This is restricted and this channel is one direction. Alice can keep paying Bob and Bob can't spend money back to Alice. The other restriction is that there's a set time period. Even though Bob knows he has those coins... in a week, there's a transaction which is locked and can't be broadcast but in a week it will be valid and Alice can use the refund transaction later. Before the end of the timeout, Bob needs to broadcast the most recent state or something. As soon as Bob gets the latest transaction, he can delete the earlier state. He never really needs to store the old ones because he would rather have more money.
Bob keeps getting half-signed transactions with more money going to him. The old transactions are useless and he deletes them. He needs to broadcast a new transaction before the refund transaction becomes valid. The refund transaction needs to be built before the commitment or funding transaction. You could use OP_CHECKLOCKTIMEVERIFY to get around these problems... but basically segwit is what really enabled this to work.
The goal of lightning is to make bi-directional payment channels that can stay open indefinitely. How can you do this? How do you make a refund transaction? If it's time-based then you have a limited time duration. How do you revoke old states from earlier in the channel? How do you get rid of that?
There's some new timing-based opcodes that got put into bitcoin that helped us. One that is really big is OP_CHECKSEQUENCEVERIFY which is sort of confusing and it doesn't sound like it has anything to do with timing. But it's a relative timelock opcode. Your input has to be at least this old in order to spend it. The timelock field on a transaction itself says that this transaction is valid "after Friday" or something. OP_CHECKSEQUENCEVERIFY says this output is valid after it's 3 days old; it doesn't specify an absolute time, just a relative time. This is really important and useful. You might not know when the transaction is going to be confirmed in a block. You could specify number of block or number of seconds; and you say once this output has been confirmed, you can spend it after it has 1000 confirmations. How many confirmations does this output need before it's allowed to be spent?

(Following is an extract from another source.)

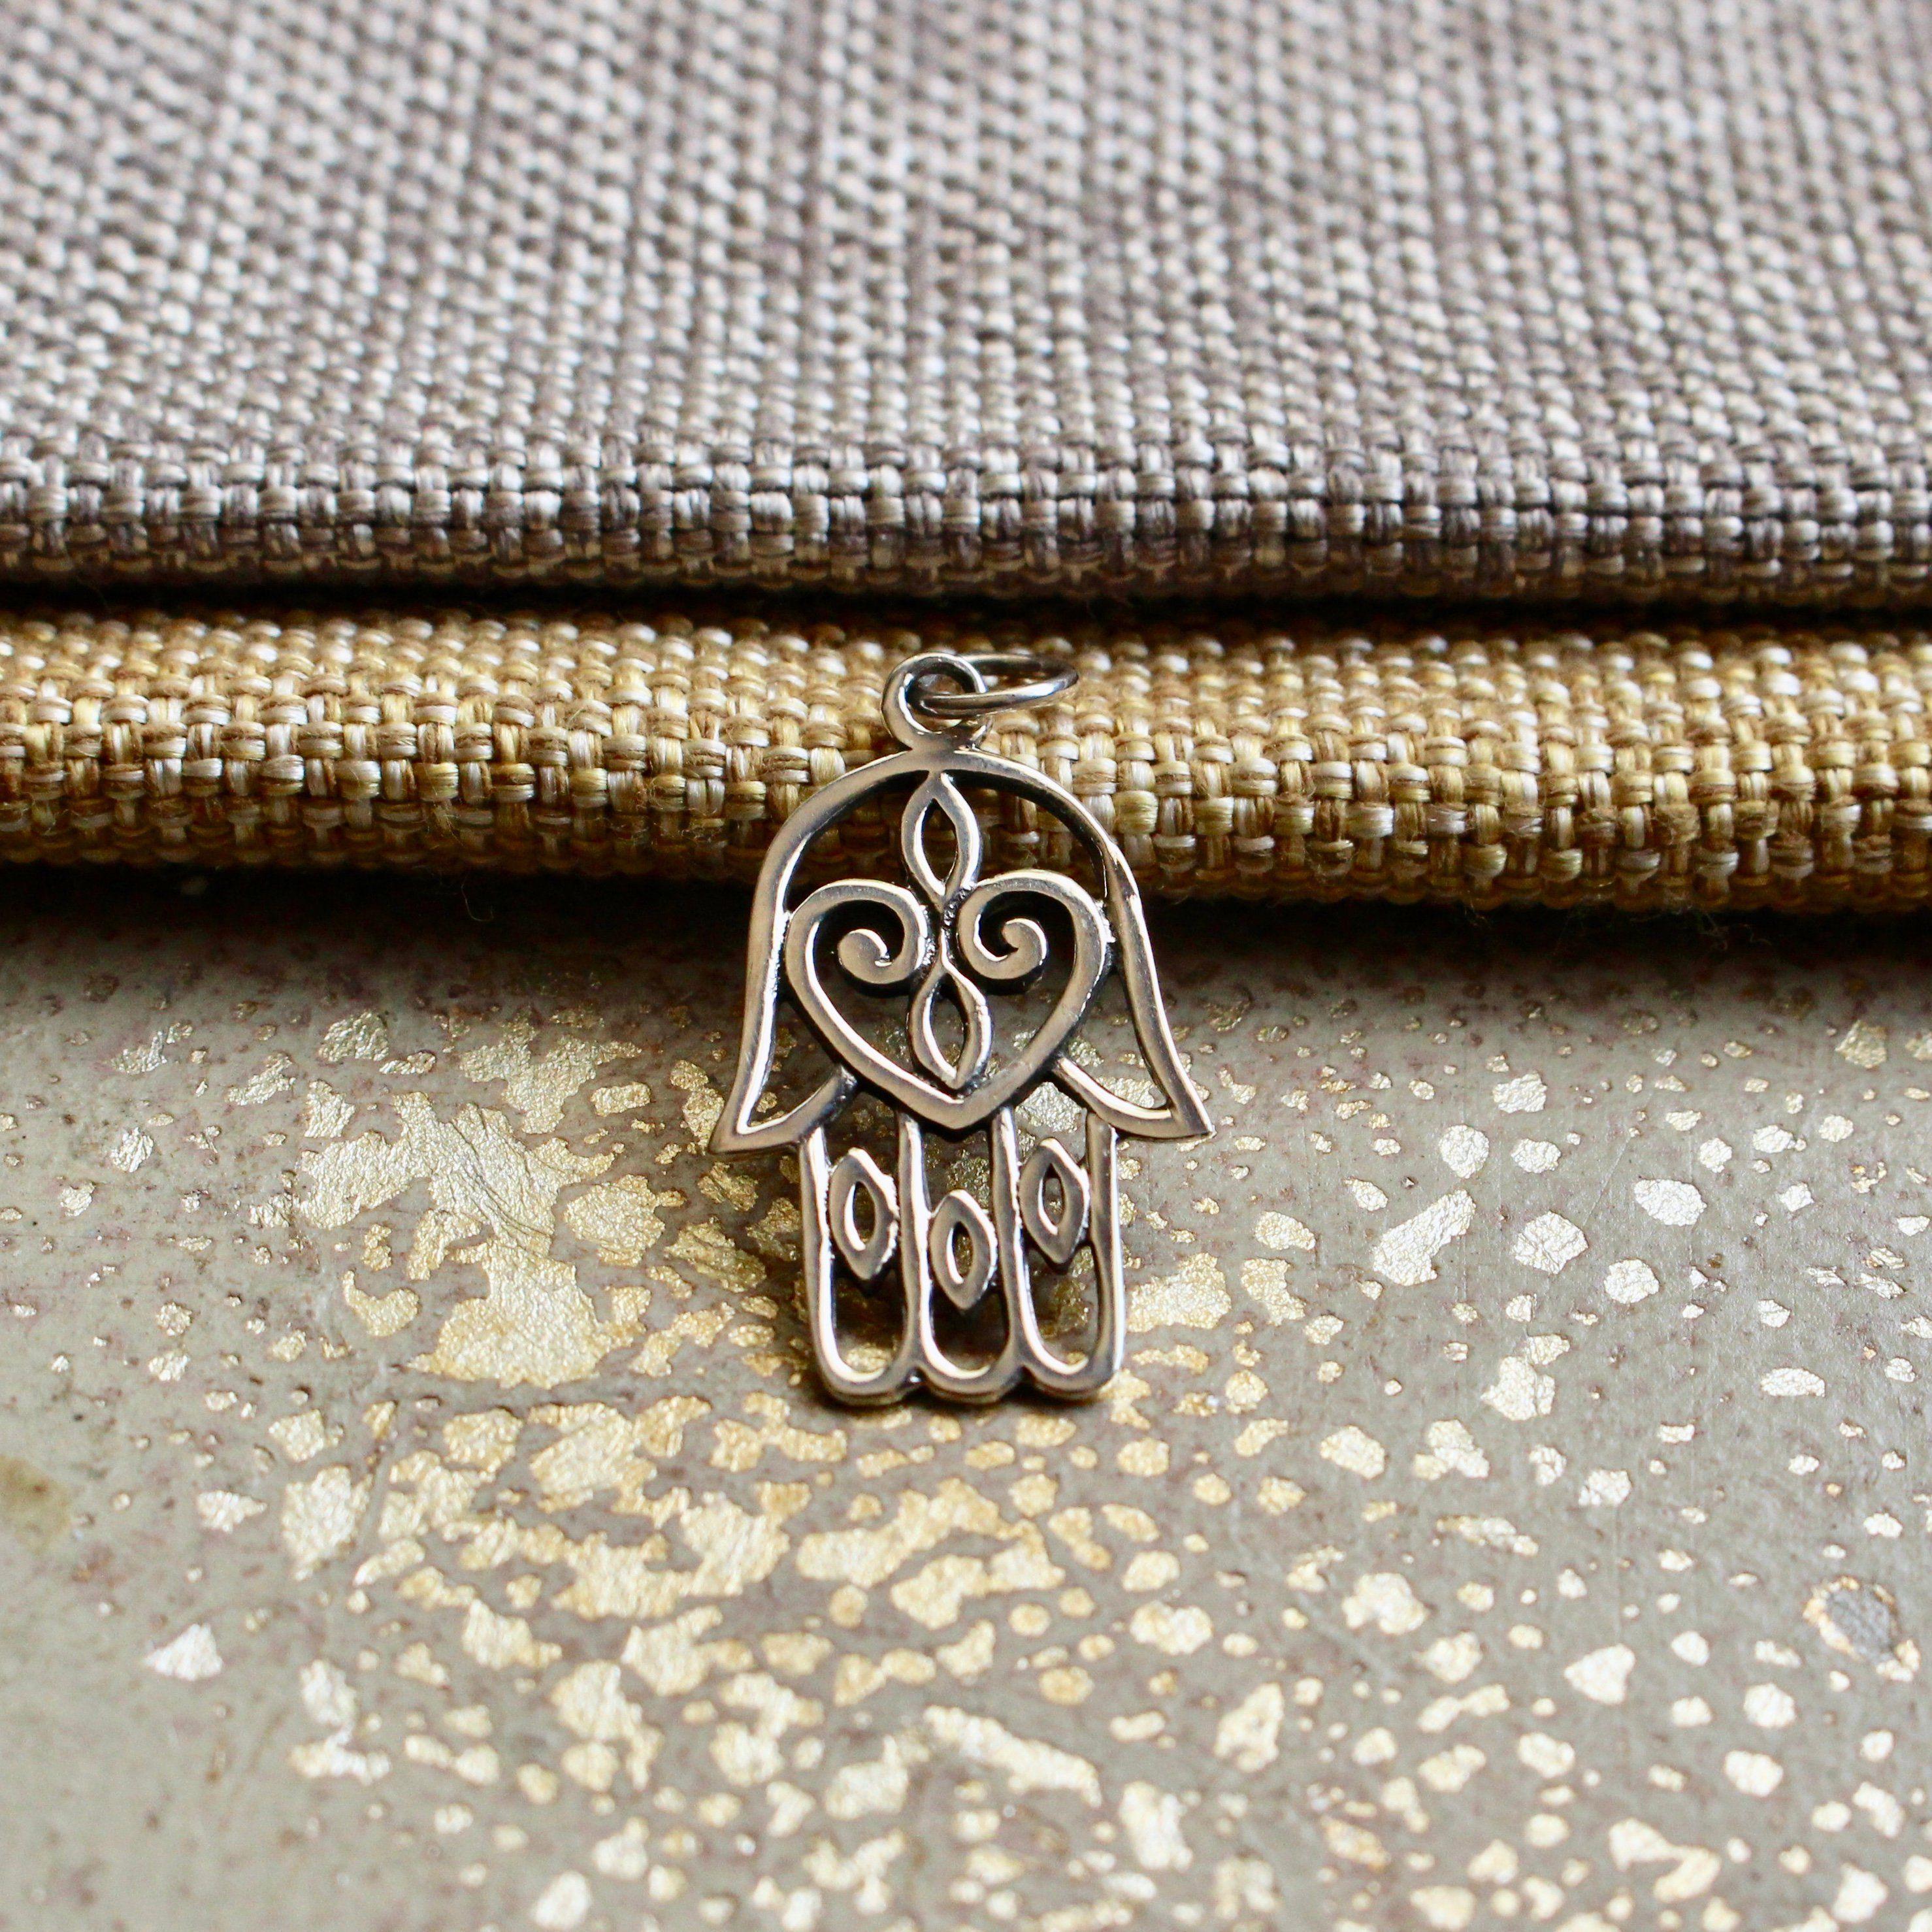 Pendant Necklace Gift Hamsa Hand Of Fatima Spiritual Yoga 925 Sterling Silver

Also, since it's an opcode, you can mix it with ohter things. You could say if you have key A and sign you can spend immediately, and if you have key B then you can sign but you have to wait at least a day or something. This is a useful opcode that we needed to make lightning network a reality.
What you can do, and the way you can provably credibly delete a transaction is that... how can you do that? You can use timing. You use OP_CHECKSEQUENCEVERIFY and use 2-of-2 multisig which can happen immediately, or you can have this other key and then you have to wait 100 blocks. This is a little confusing because the keys you use here might not be used by Alice and Bob; they are just new public keys. So there's 2-of-2 multisig: if these two keys sign together then this coin can be spent immediately. However, if this other key signs, then it can also spend, but it needs at least 100 confirmations. This allows timing windows where in one condition there's an immediate spend but otherwise there's a delay.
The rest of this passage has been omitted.